= Maltolt =

Historical English commodity tax

Maltolt or "bad tax" (in Norman-French) was the name given to the new taxes on wool in England of 1294–1297. Protests against the maltolt played their part in forcing the confirmation of the charters from the Crown.

==Origin==
Edward I of England had been granted a half-mark (6s 8d) customs duty per sack on the export of wool, woolfells and hides by the Parliament of 1275. The outbreak of the Gascon War against France in 1294 in led to the royal seizure of all wool and leather in the realm, and its release only on a duty of 40 shillings per sack. The old duty quickly became known as the "Ancient Custom", and was contrasted strongly with what G. M. Trevelyan would call "These 'maltoltes' or 'ill takings' of wool".

==Protests==
Dislike of the maltolts (which had been repeated in the years 1295–1297) fed into the noble and clerical opposition to the Crown that culminated in the Remonstrances of 1297. "Also the whole community feel that they are oppressed by the tax on wools, which is too heavy, namely at 40 shillings on the sack, and 7 marks the sack on broken wool; for the wool of England approaches the value of half of all the land".
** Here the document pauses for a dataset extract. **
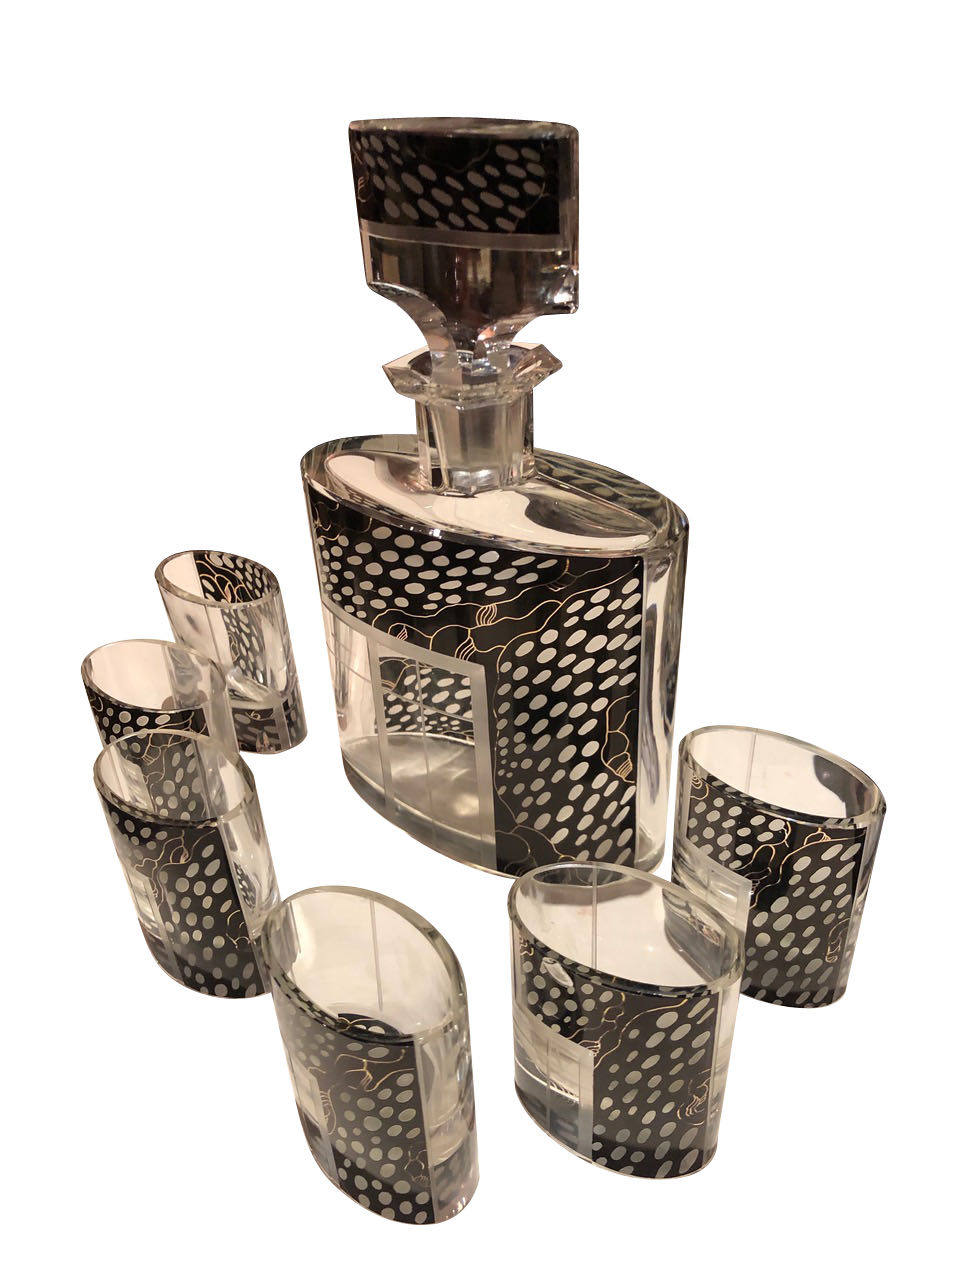 Art Deco Czech Decanter Glasses with Leopard Black Designs

Among the six articles appended to the confirmation of the charters was, accordingly, a provision prohibiting the seizure of wool in future; to which the King responded by reserving to the crown “the custom on wool, skins and leather already granted by the commonalty of the realm”, so that it was only after a further struggle that the maltolt was finally laid to rest in 1301.

==Reappearance==
The maltolt reappeared in the reign of Edward III of England, as a result of a bargain he made in 1337 offering rich merchants a monopoly in exchange for a duty of 40s a sack. It also gained the name of the wool subsidy and was often referred to as a loan.

The Commons petitioned against the deal, either (as Eileen Power thought) in the hope of abolishing it entirely, or simply to ensure their participation in the taxation process - something which they eventually achieved, if at the price of customs on wool continuing to fund the Crown throughout the Hundred Years War.